Optimizers — SGD, momentum, Adam, AdamW

Every optimizer answers one question: given the gradient $g_t = \nabla_\theta \mathcal{L}$ at the current parameters, how far and in what direction do we step? The answers form a short, important lineage. Stochastic gradient descent is the bare minimum — step downhill by a fixed multiple of the gradient on a mini-batch:

EQ N7.1 — SGD UPDATE $$ \theta_{t+1} \;=\; \theta_t - \eta\, g_t, \qquad g_t = \nabla_\theta\, \mathcal{L}\!\left(\theta_t;\, \mathcal{B}_t\right) $$

$\eta$ is the learning rate; $\mathcal{B}_t$ a random mini-batch. The mini-batch makes $g_t$ a noisy estimate of the true gradient — the "stochastic" in SGD — and that noise is not purely a nuisance: it helps the optimizer escape sharp, brittle minima. SGD's flaw is that one scalar $\eta$ must serve every parameter and every direction of curvature, so it crawls along flat directions and oscillates across steep ones.

The first fix is momentum: accumulate an exponentially-decaying running average of past gradients (a velocity $v_t$) and step along that instead. Consistent directions reinforce; oscillating ones cancel.
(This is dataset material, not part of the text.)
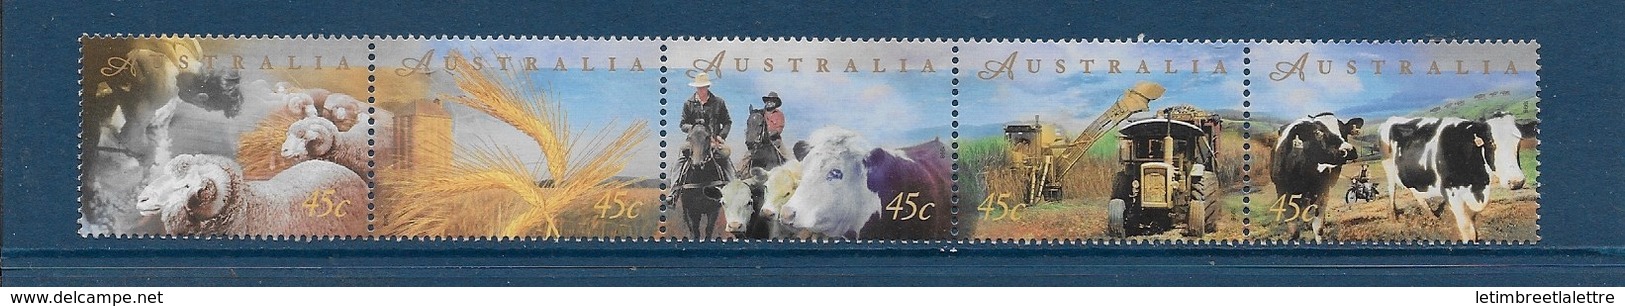 Australie N°1660 à 1664** - Mint Stamps

EQ N7.2 — SGD WITH MOMENTUM $$ v_{t} = \mu\, v_{t-1} + g_t, \qquad \theta_{t+1} = \theta_t - \eta\, v_{t}, \qquad 0 \le \mu < 1 $$

$\mu$ (typically $0.9$) is the momentum coefficient. For a steady gradient $g$, the velocity converges to a geometric series, $v_\infty = g/(1-\mu)$, so the effective step grows by $1/(1-\mu)$. At $\mu = 0.9$ that is a 10× amplification along persistent directions — the source of momentum's speed, and the reason it can overshoot. Nesterov's variant evaluates the gradient at the look-ahead point $\theta_t - \eta\mu v_{t-1}$ for a slightly better-anticipated correction.

SGD with momentum $\mu = 0.9$ is fed the same gradient $g$ every step. At steady state, by what factor is the effective step size larger than plain SGD's $\eta g$? (Use $v_\infty = g/(1-\mu)$.)

The steady-state velocity is $v_\infty = \dfrac{g}{1-\mu} = \dfrac{g}{1-0.9} = \dfrac{g}{0.1} = 10\,g$. The effective step is $\eta v_\infty = 10\,\eta g$, so the amplification factor is 10. This is exactly why a momentum run often needs a smaller $\eta$ than a plain-SGD run at the same stability.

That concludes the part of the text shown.